From the first line to the last, restate the material word for word; pictures stay out.

RECORDED DATA:

________________

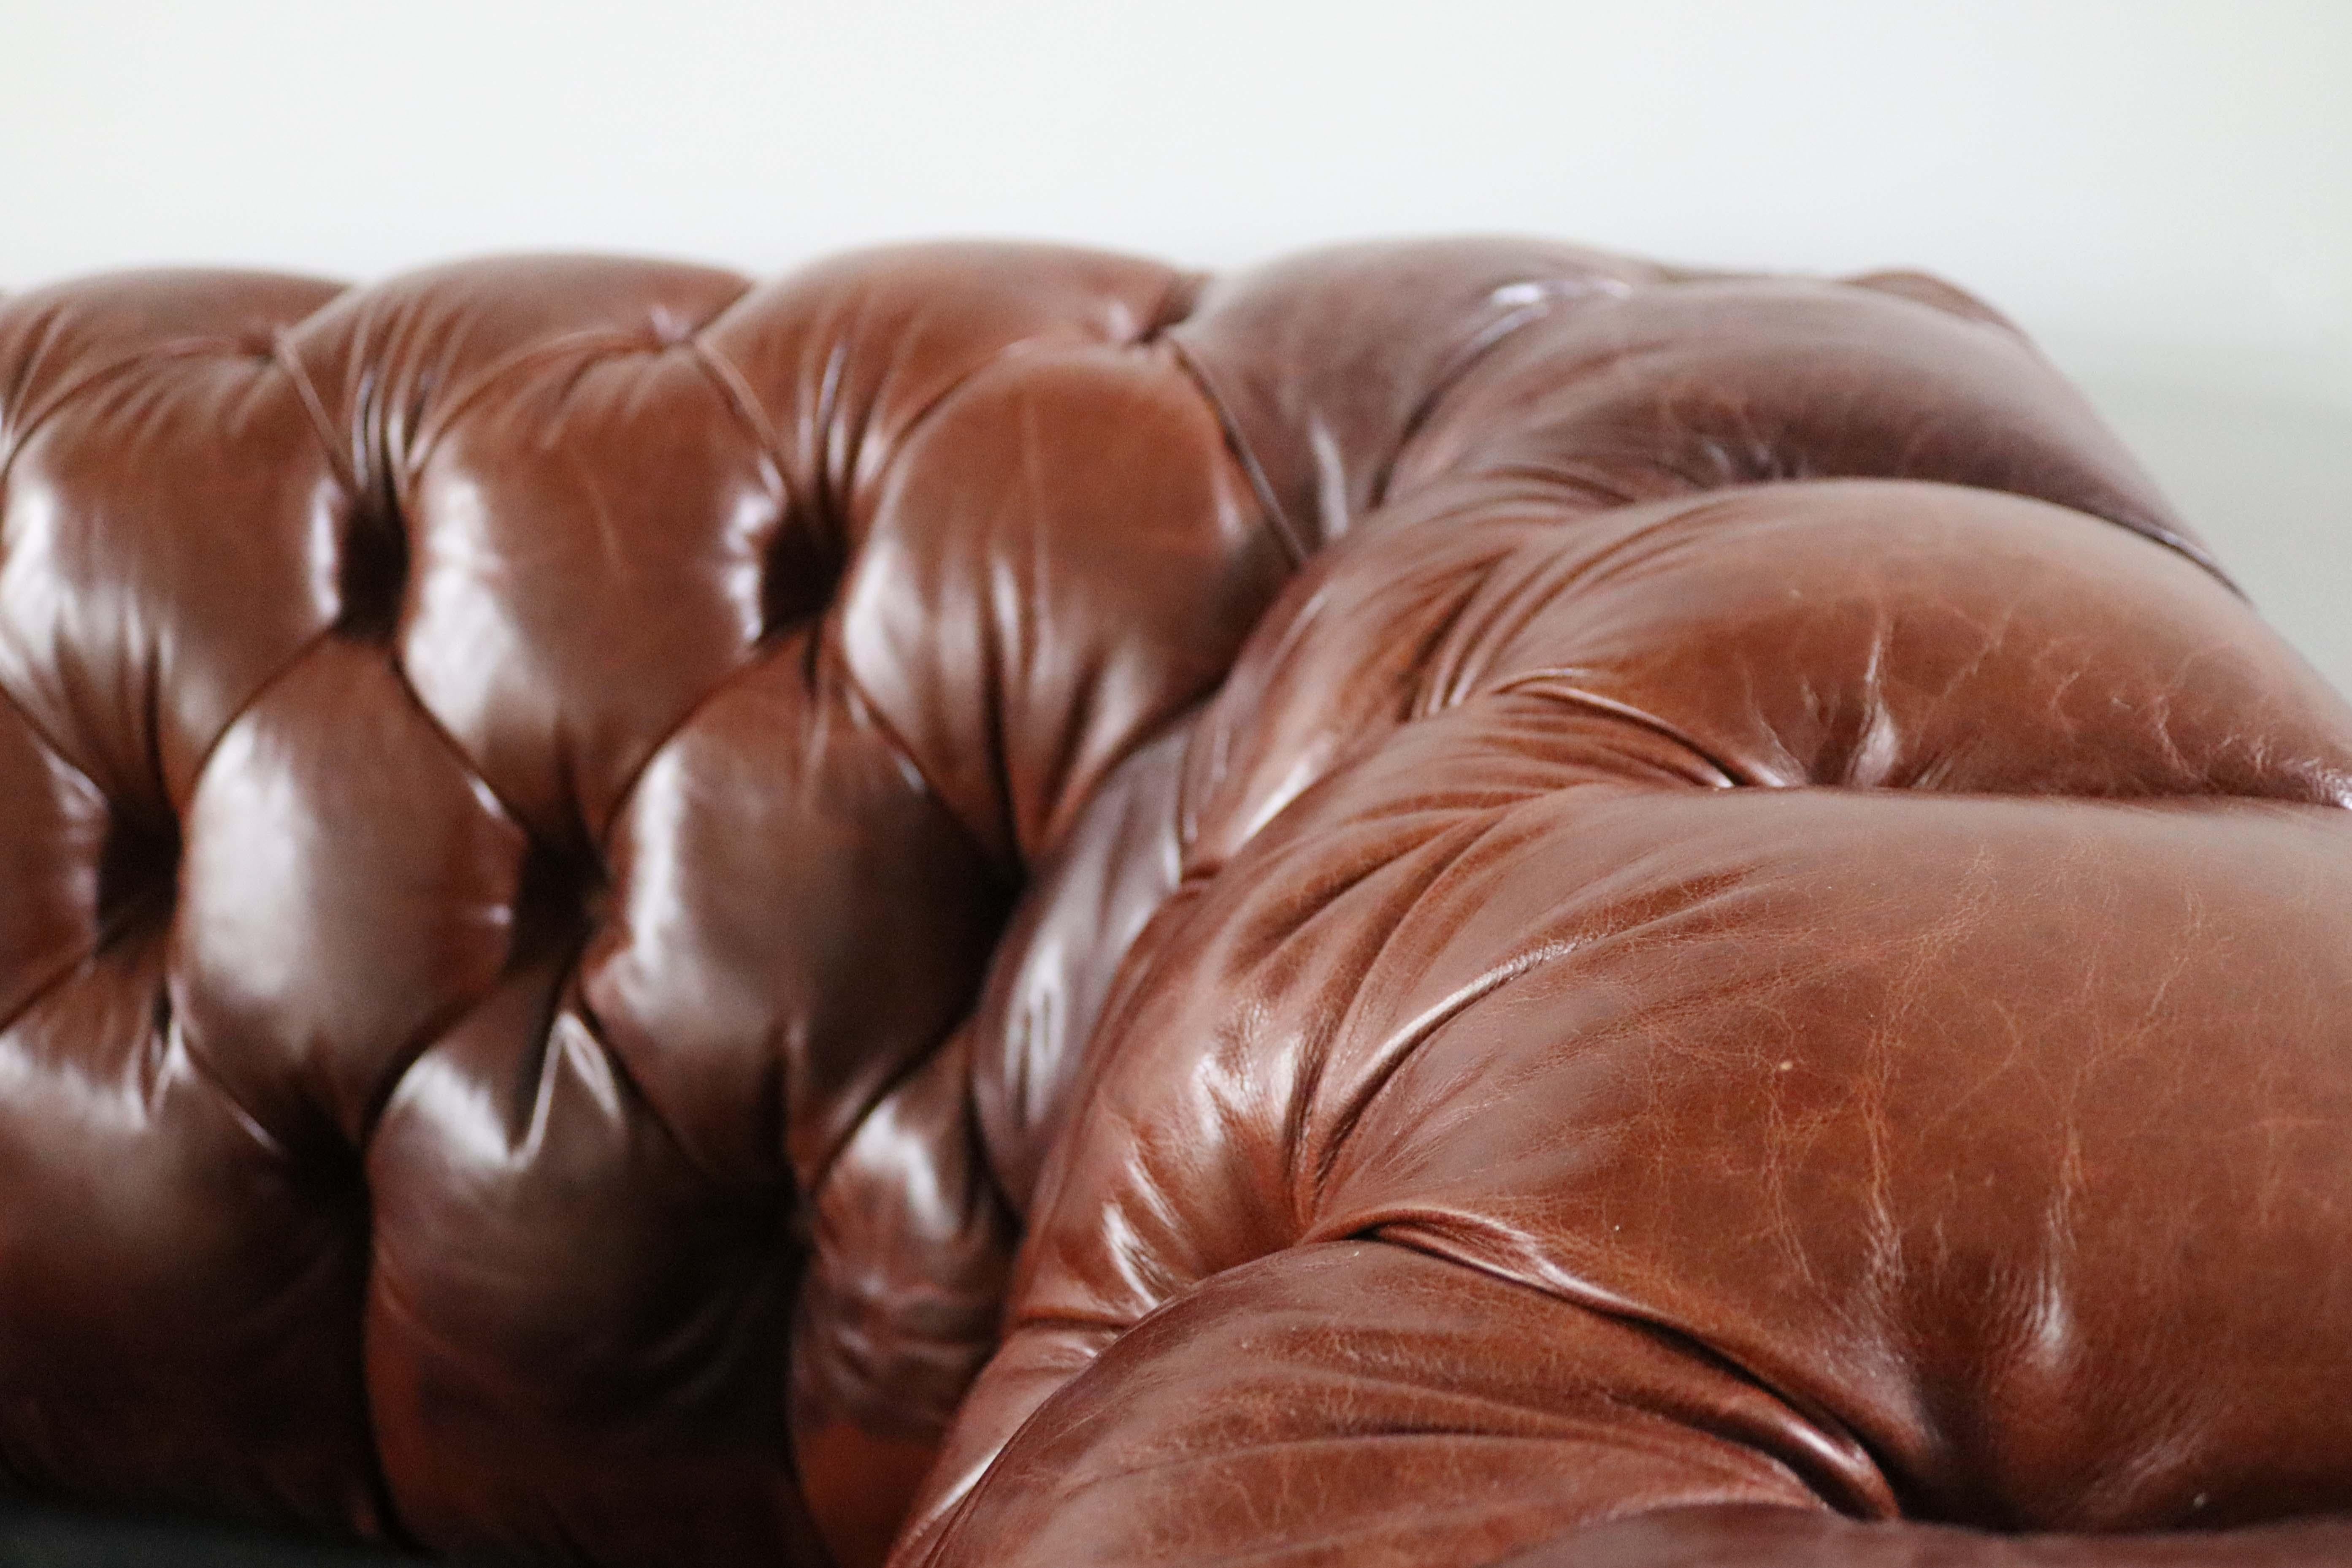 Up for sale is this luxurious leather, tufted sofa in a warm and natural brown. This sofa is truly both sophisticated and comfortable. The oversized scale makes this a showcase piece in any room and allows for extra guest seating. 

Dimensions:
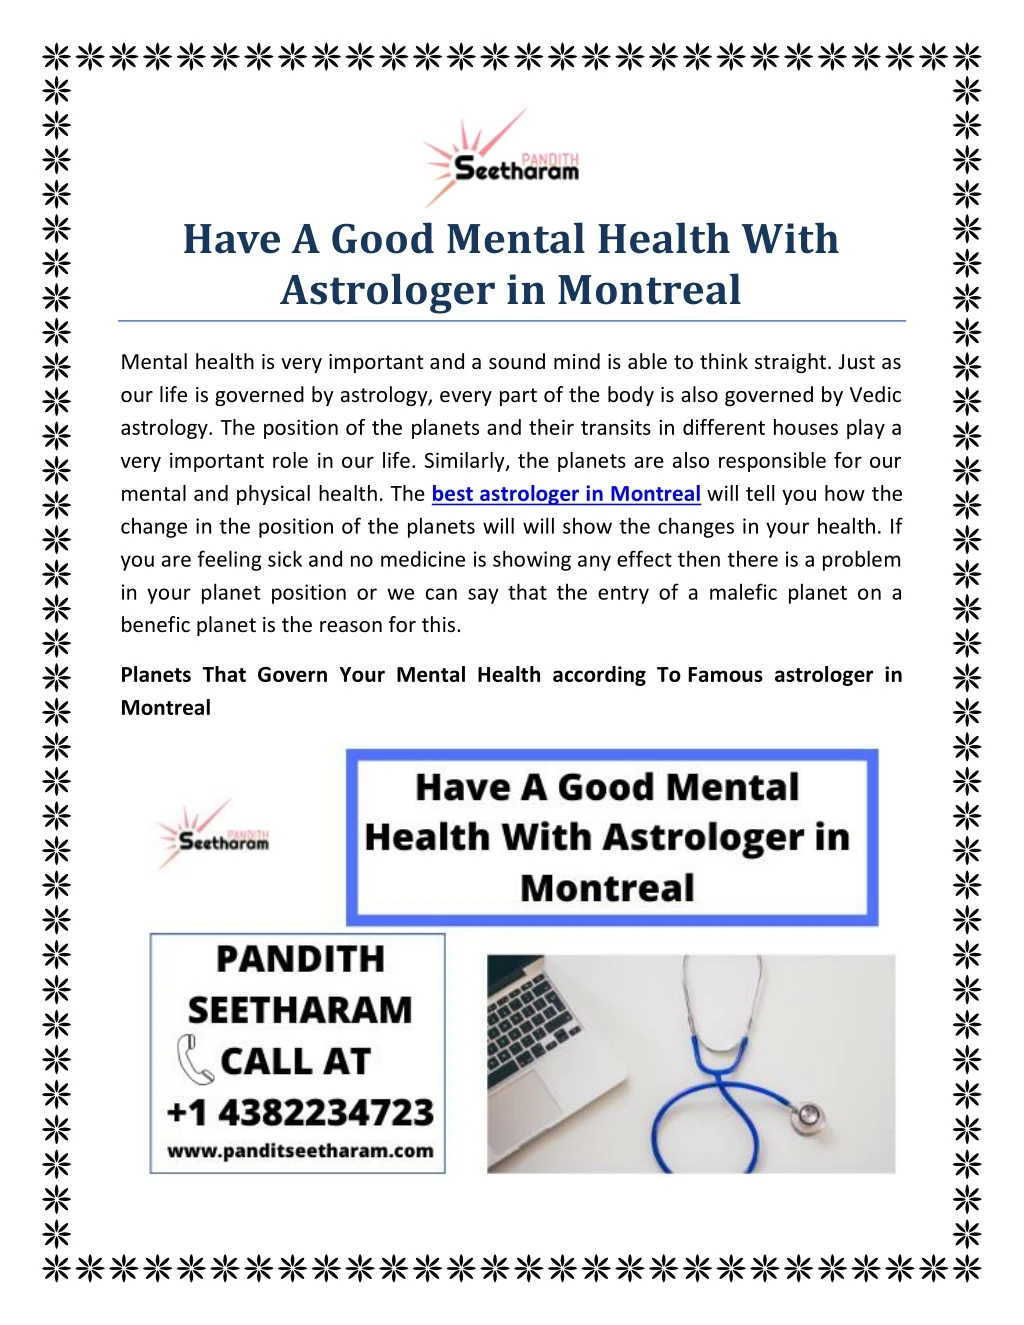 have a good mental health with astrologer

________________

REPLY:
 Up for sale is this luxurious leather, tufted sofa in a warm and natural brown. This sofa is truly both sophisticated and comfortable. The oversized scale makes this a showcase piece in any room and allows for extra guest seating. 

Dimensions:
 have a good mental health with astrologer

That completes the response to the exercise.